14 janeiro 2011

Foi no Batalha!






Aqui há tempos, eu perguntava se era o Porto que não gostava dos cinemas ou se era o Cinema que não gostava do Porto.

Agora o Batalha foi!

Não foi agora, já tinha sido nos finais de 2005, quando foi investida a linda soma de um milhão de euros!

Agora louva-se a obra arquitectónica que veste uma parte da praça da Batalha.

Agora chora-se um mítico cinema desaparecido.

Mas olhando bem para trás, para aquele Outono de 2005 em que fiquei com os cabelos em pé quando soube que se desconhecia o fresco do Júlio Pomar (http://dotempoedaluz.blogspot.com/2006/01/ainda-os-frescos-do-cinema-batalha-do.html  http://dotempoedaluz.blogspot.com/2006/01/cinema-batalha-porto.html ) que durante meses tinha estado visível numa das paredes do cinema desenhado pelo arquitecto Artur Andrade, o futuro de um marco cultural na baixa da cidade já estava bem trémulo![1]

O chamado Gabinete do Comércio Vivo? Nunca soube o que era. Sabia sim que era uma emanação da Associação dos Comerciantes do Porto. Nem consegui saber se tinha uma existência jurídica.

Cinema? Fazer reviver o cinema nas paredes do Batalha? Depressa deixei de ter essa ilusão. As paredes iam sendo pintadas, assim como as estátuas de gesso (alguém saberá para onde foi o Bambi?). Um sistema de som acompanhava os plasmas nos amplos espaços. Renovavam-se as cadeiras da plateia, etc. Foi assim que eu entrei, ao fim de muitos anos no Batalha.

A azafama, as preocupações principais estavam no invólucro. Ninguém se preocupava com o conteúdo.  A D. Laura Rodrigues fazia como sabia. Não sei se na altura foi elaborado algum projecto sério sobre o aproveitamento do espaço com fins culturais. Mas na altura fiquei com a certeza que já não haveriam mais “matinées clássicas” ao fim de semana, já não haveria um sucessor do Neves Real para a programação cinematográfica. Os dois grandes e velhos projectores da cabine da sala grande oxidavam-se apesar da espessa camada de pó que os cobria (devem ter ido para ao ferro-velho, não tiveram a sorte dos que estavam no Rivoli e que encontrei desmontados no Museu das Ciência e da Indústria, ali no Freixo).

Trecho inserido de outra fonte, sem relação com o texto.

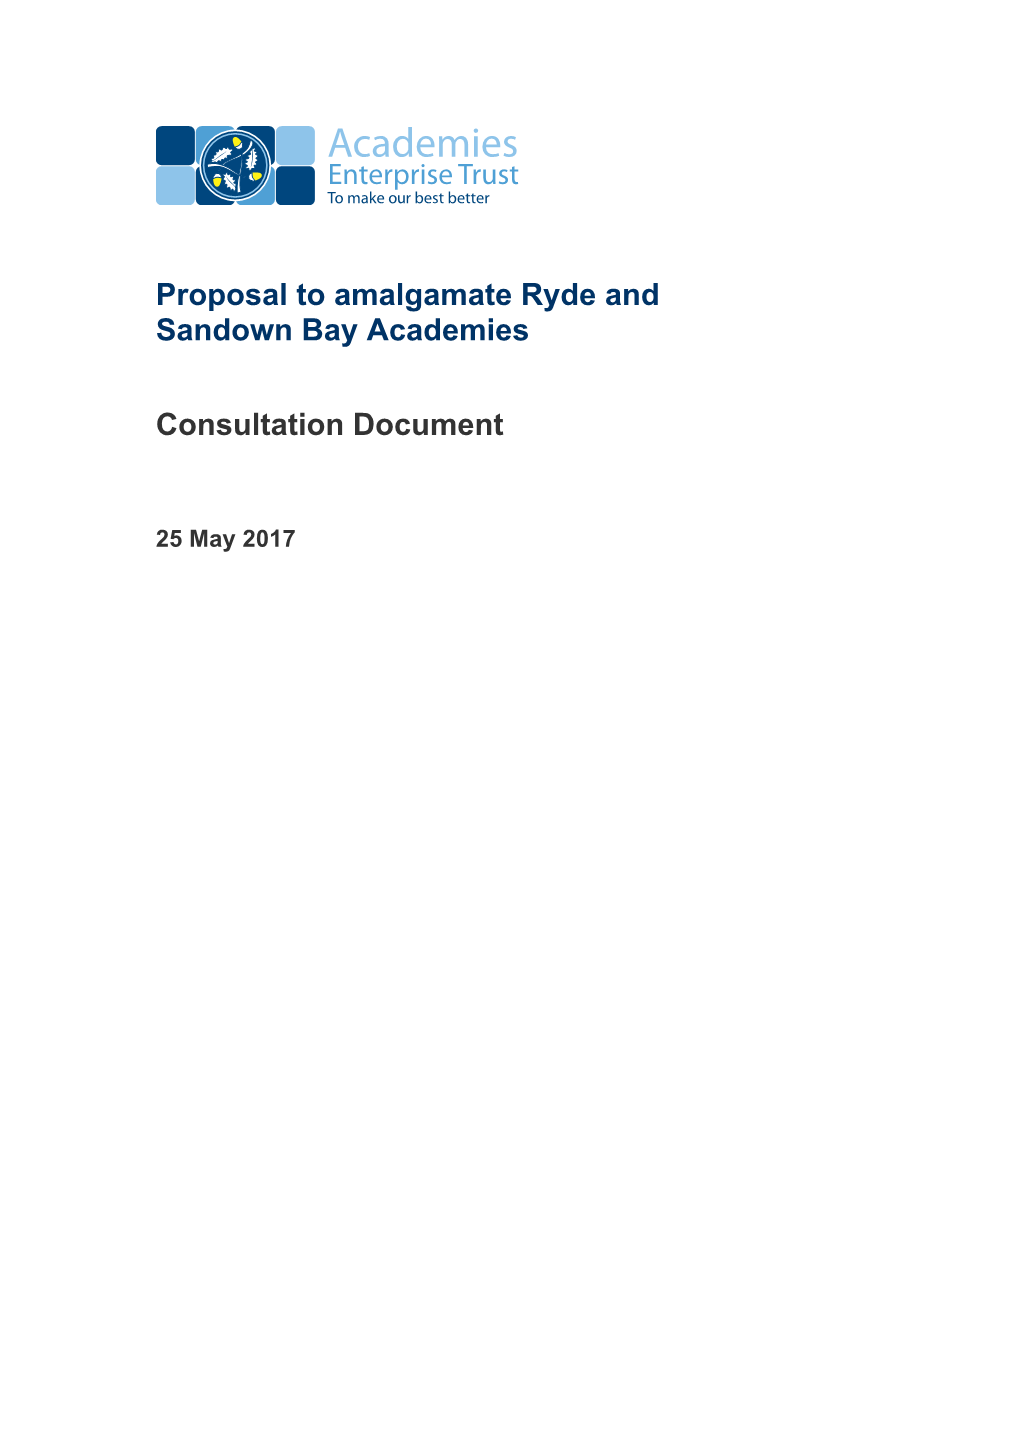 Proposal to Amalgamate Ryde and Sandown Bay Academies Consultation Document

Lá para Maio de 2006 lá fui ver uma sessão de cinema na sala Bebé. O Batalha estava a reviver mas praticamente sem cinema. A sala Bebé passava os filmes que entidades exteriores traziam. Mas o Batalha tinha um restaurante, um bar, música e tornara-se um local que muitos portuenses desejaram conhecer. De maneira episódica havia concertos na sala principal. O projector 35 mm da sala Bebé que datava dos meados do século XX e um projeccionista que lhe gabava o desempenho. Uma sala Bebé onde o som do filme por vezes era abafado pelo ruído que nos chegava da rua.

Pelos vistos o Gabinete do Comércio Vivo não tinha vocação ou não tinha meios para desenvolver um projecto cultural. Abria as portas para os DJ’s ao fim de semana e os jovens tinham um local para se divertirem. Assim se contribuía para a animação do centro da cidade.

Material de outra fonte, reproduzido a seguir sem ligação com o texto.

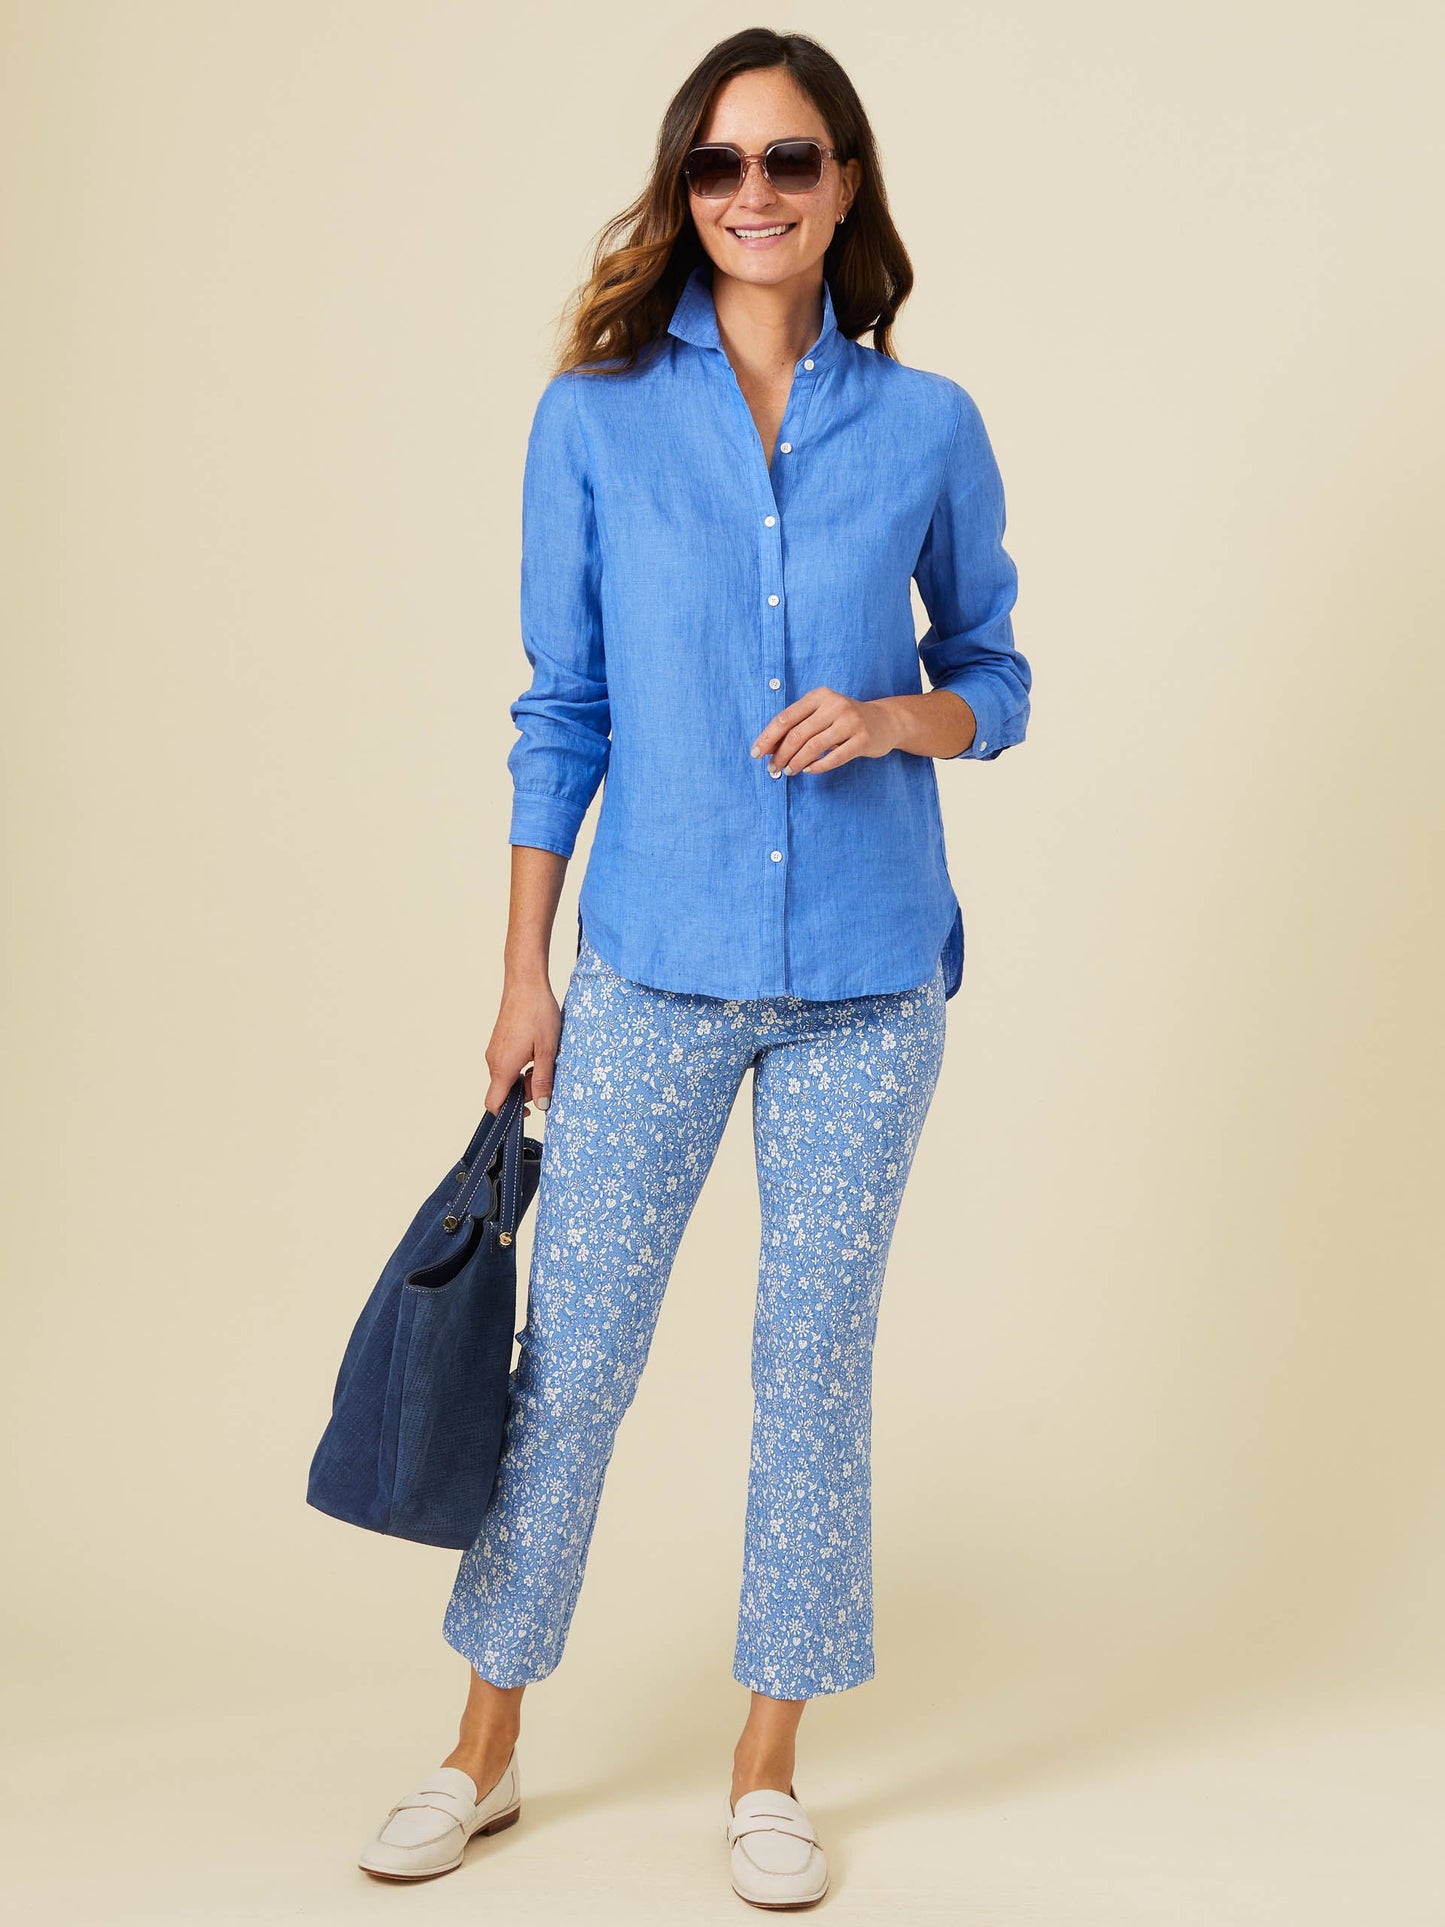 Model wearing J.McLaughlin Britt shirt in french blue made with linen.

Hoje, Agora, Aqui – 14 de Janeiro, meia-noite e tal, Cedofeita
Uma lágrima que deixamos cair. Uma tristeza passageira.
Só faço votos para que não transformem o edifício. Pelos vistos ainda não está classificado como Património. (http://www.igespar.pt/pt/patrimonio/pesquisa/geral/patrimonioimovel/detail/329677/)

Que façam lá um hotel ou um casino (pelos vistos os bingos já não são rentáveis), um dancing ou uma Fnac, um Mac Do ou um Outlet, uma agência bancária ou uma piscina. Mas que não toquem na sala Bebé, eu gostaria de passar lá de tempos a tempos ver um filme daqueles antigos em película. É uma sala que está gravada na minha memória.

Eu continuo a ver o cinema de sofá, com o telecomando ao lado, a dois, interrompendo de vez em quando para rever uma cena ou para ir buscar uma bebida.

Já agora, porque não aproveitam a sala Bebé para começarem, provisoriamente a actividade da Cinemateca no Porto?


[1] O fresco de Júlio Pomar não desapareceu por acaso. Foi em represália política que foi totalmente recoberto. Aparentemente não era possível recuperá-lo em finais de 2005. Ficaram as imagens fotográficas. O relevo da fachada foi igualmente censurado pelas autoridades do Estado Novo, mas foi parcialmente reposto como o original.